PROVIDED MATERIAL:
== == ==

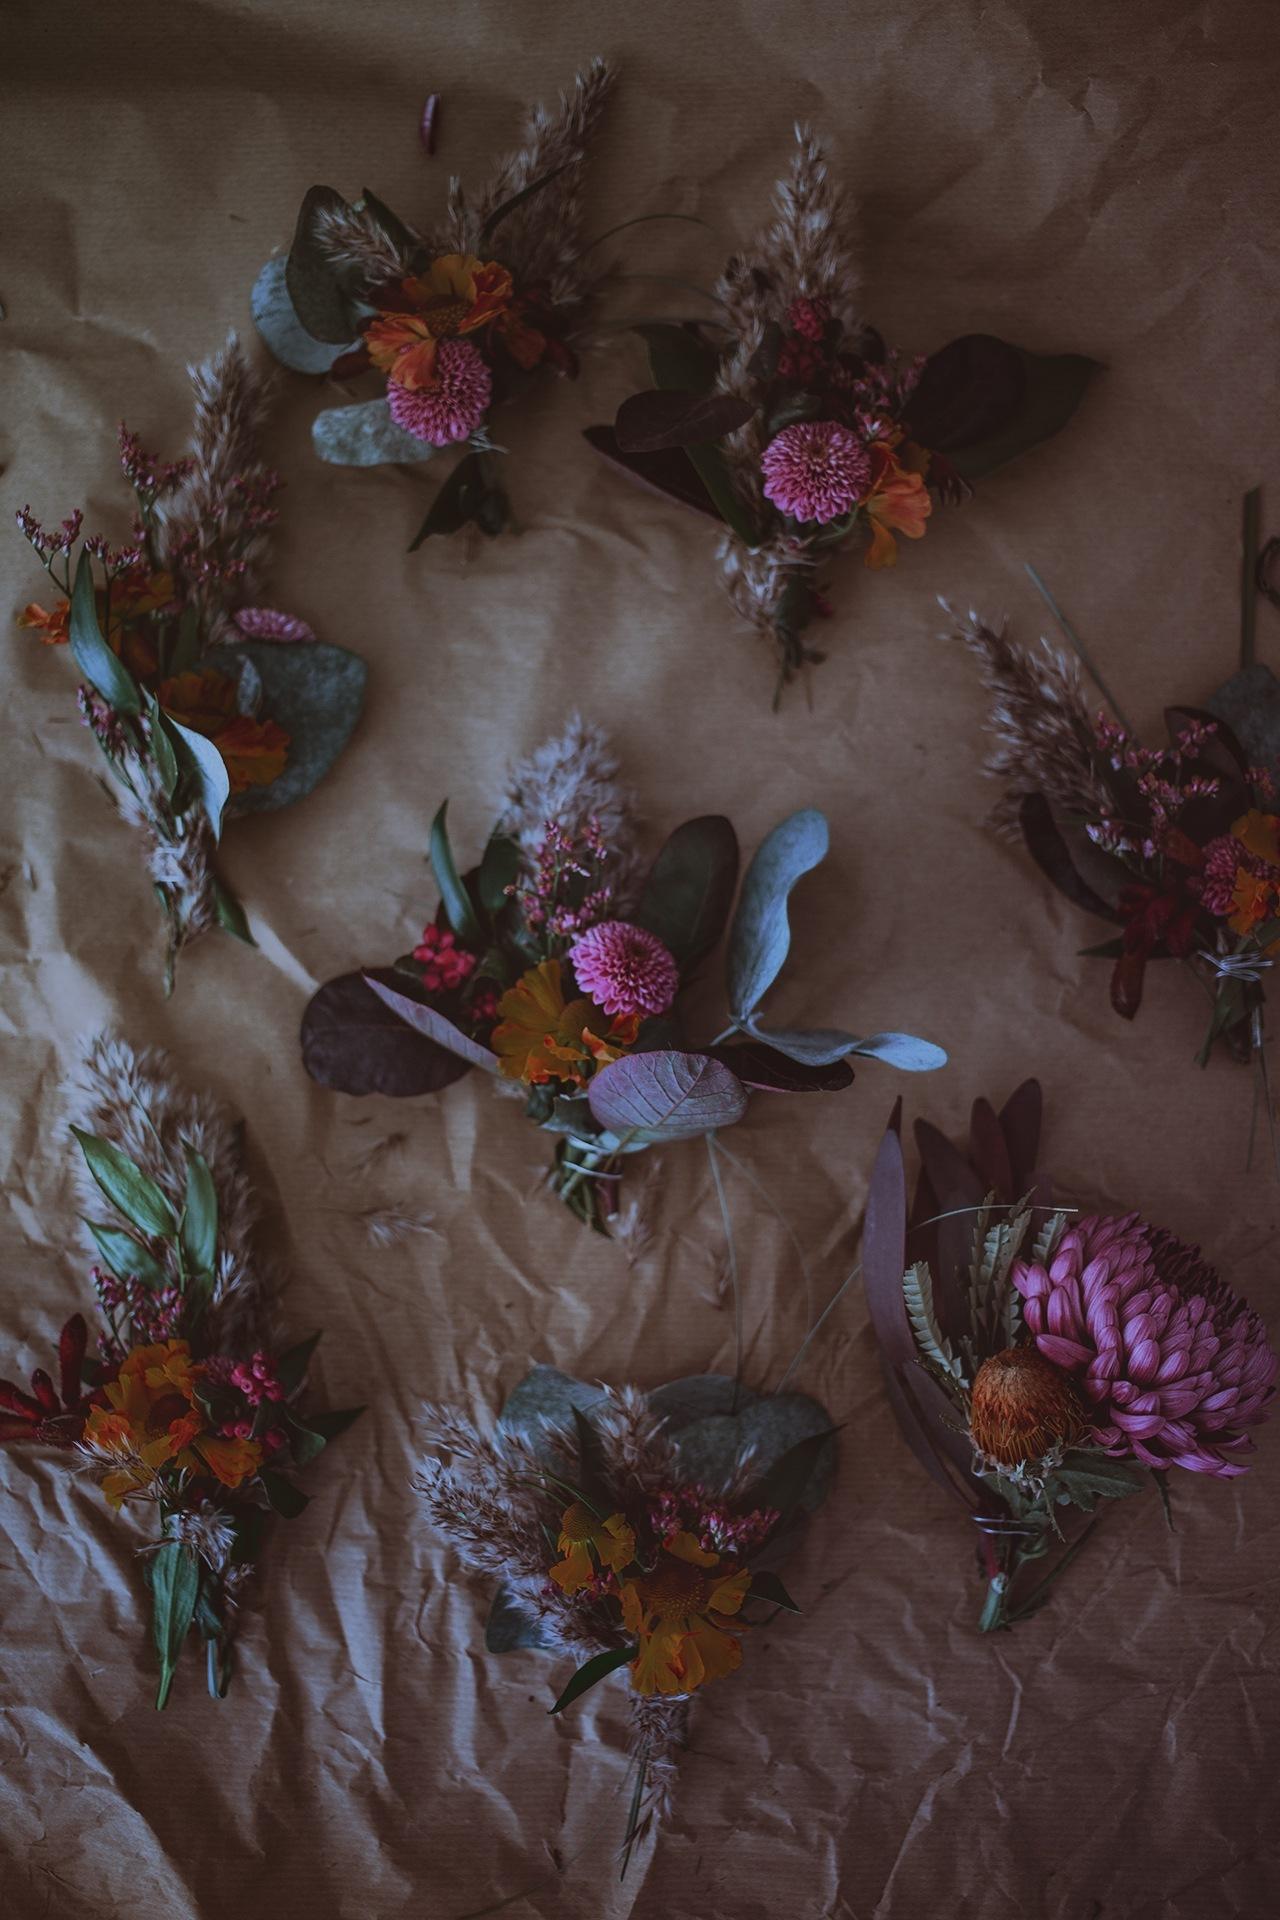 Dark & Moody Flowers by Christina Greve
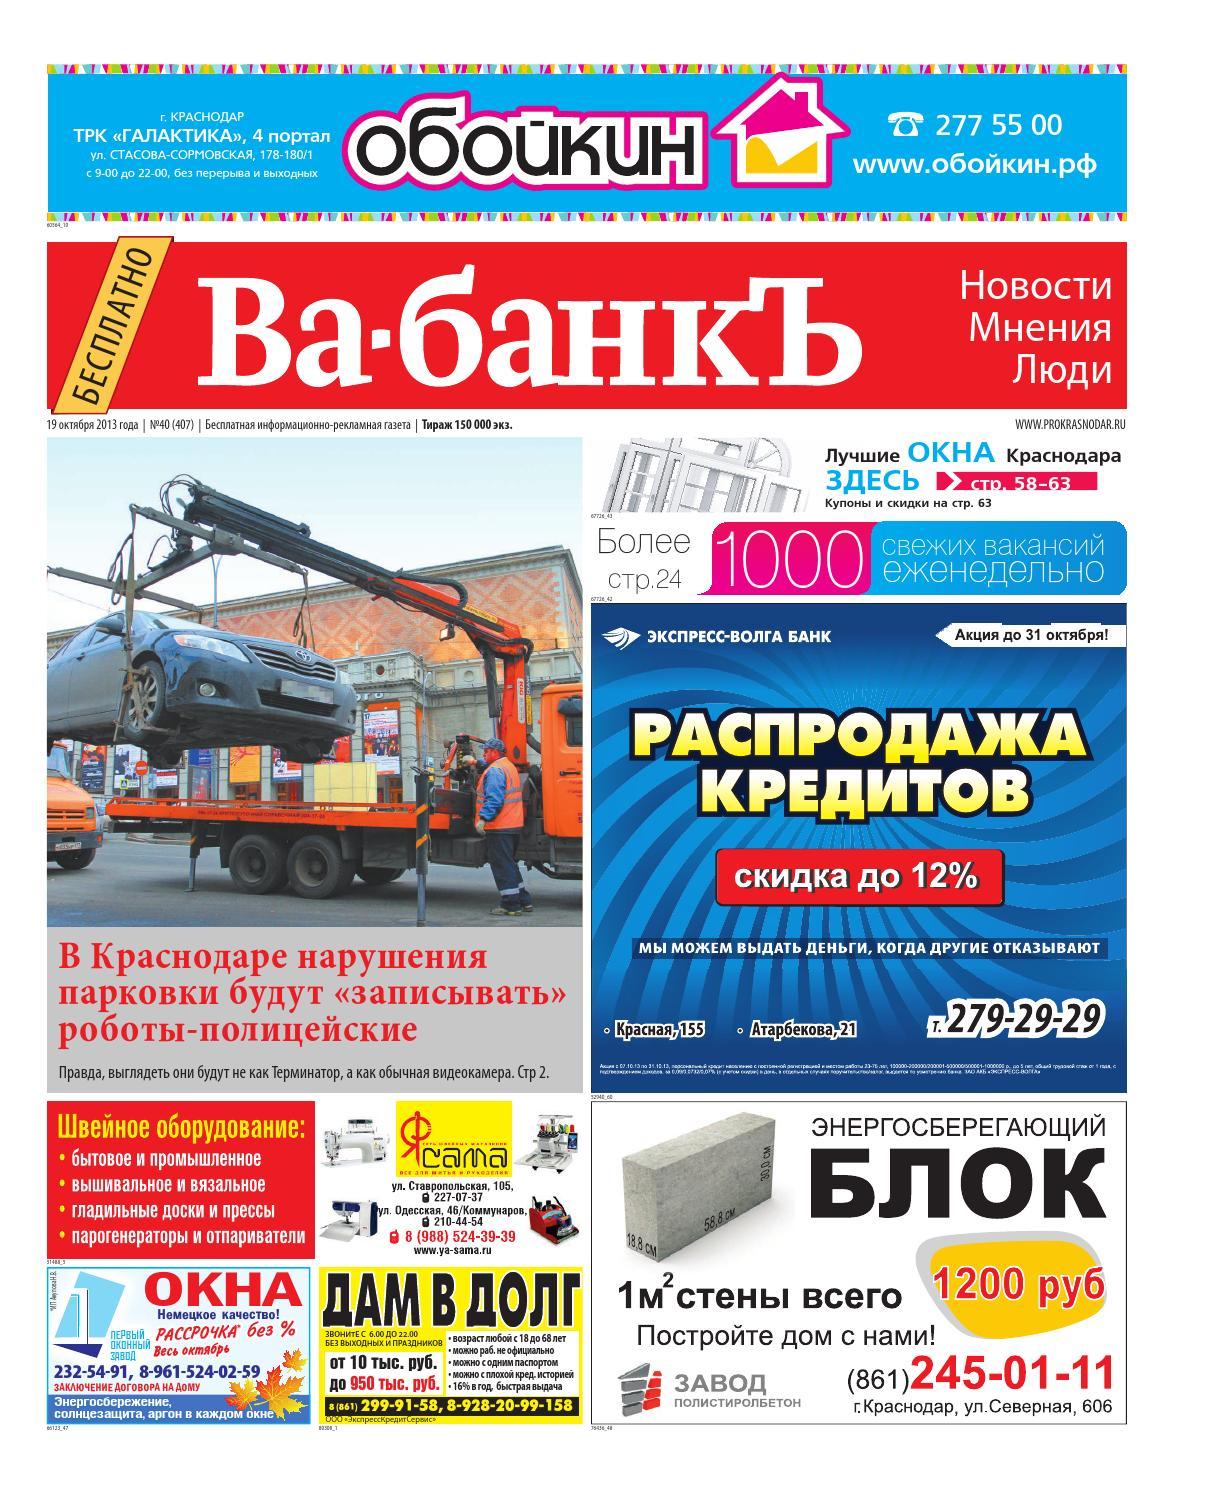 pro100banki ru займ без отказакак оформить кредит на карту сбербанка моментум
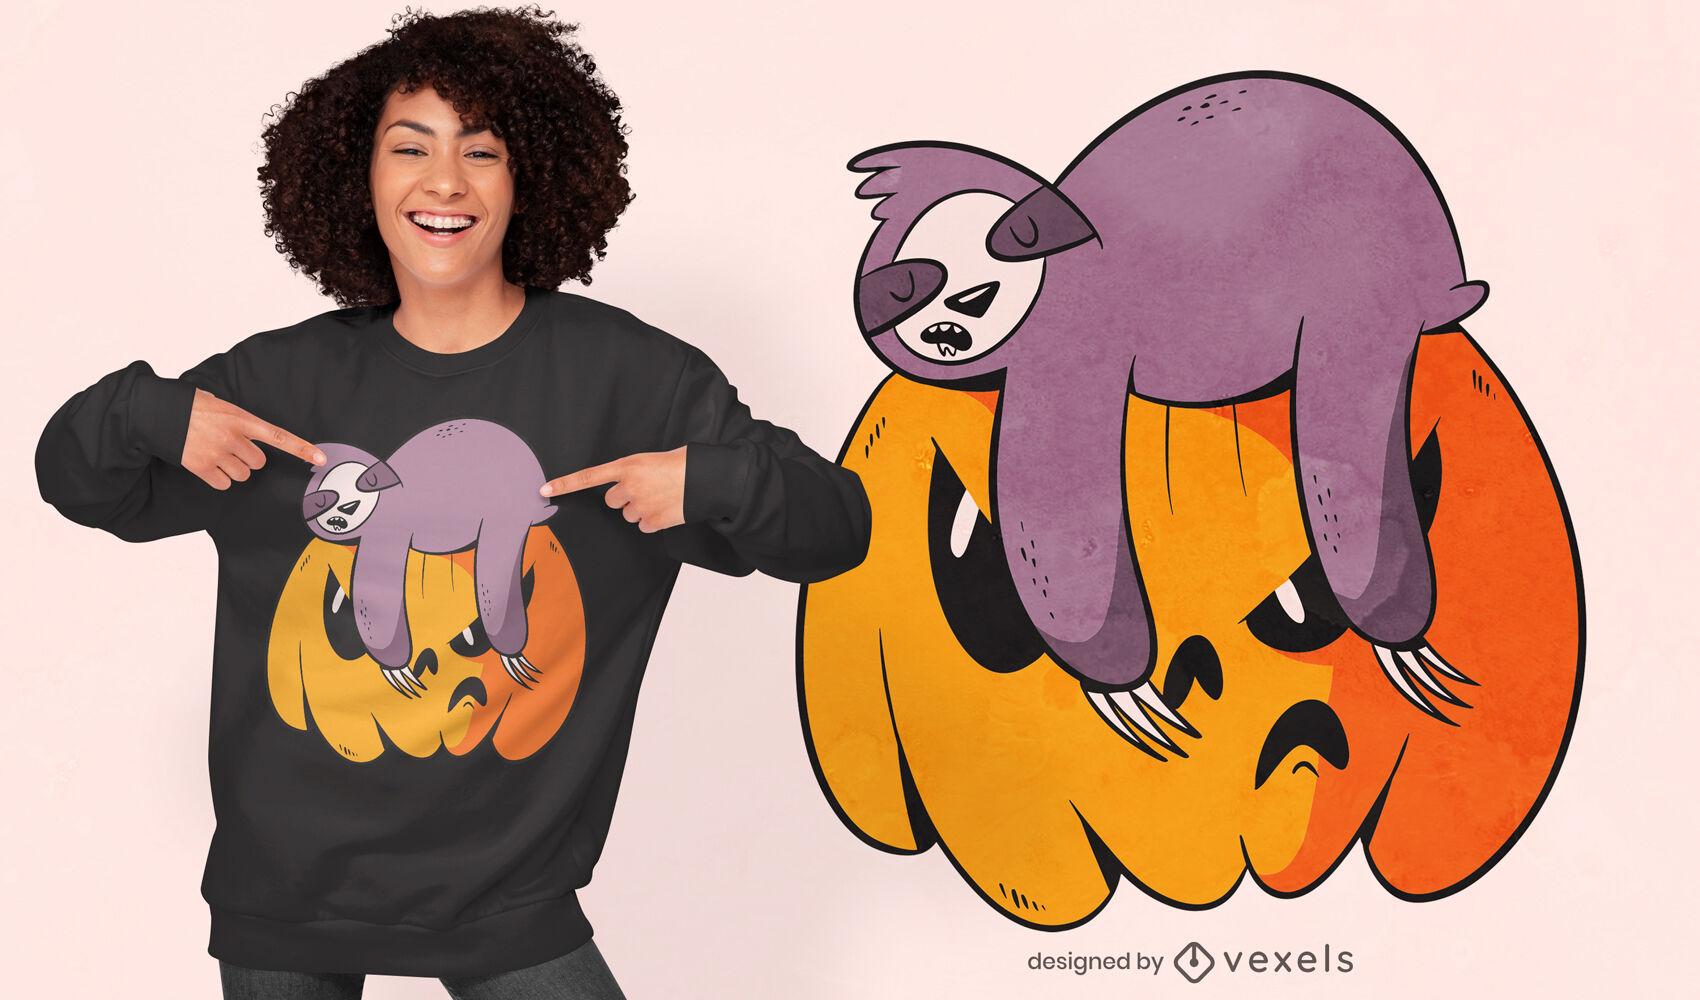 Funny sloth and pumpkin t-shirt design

== == ==

WORK TO BE COMPLETED: Everything from the line with "pro100banki ru займ" through the last line of the listing above is to be copied exactly, both ends included, except the pictures.

THE COMPLETED TASK:
 pro100banki ru займ без отказакак оформить кредит на карту сбербанка моментум
 Funny sloth and pumpkin t-shirt design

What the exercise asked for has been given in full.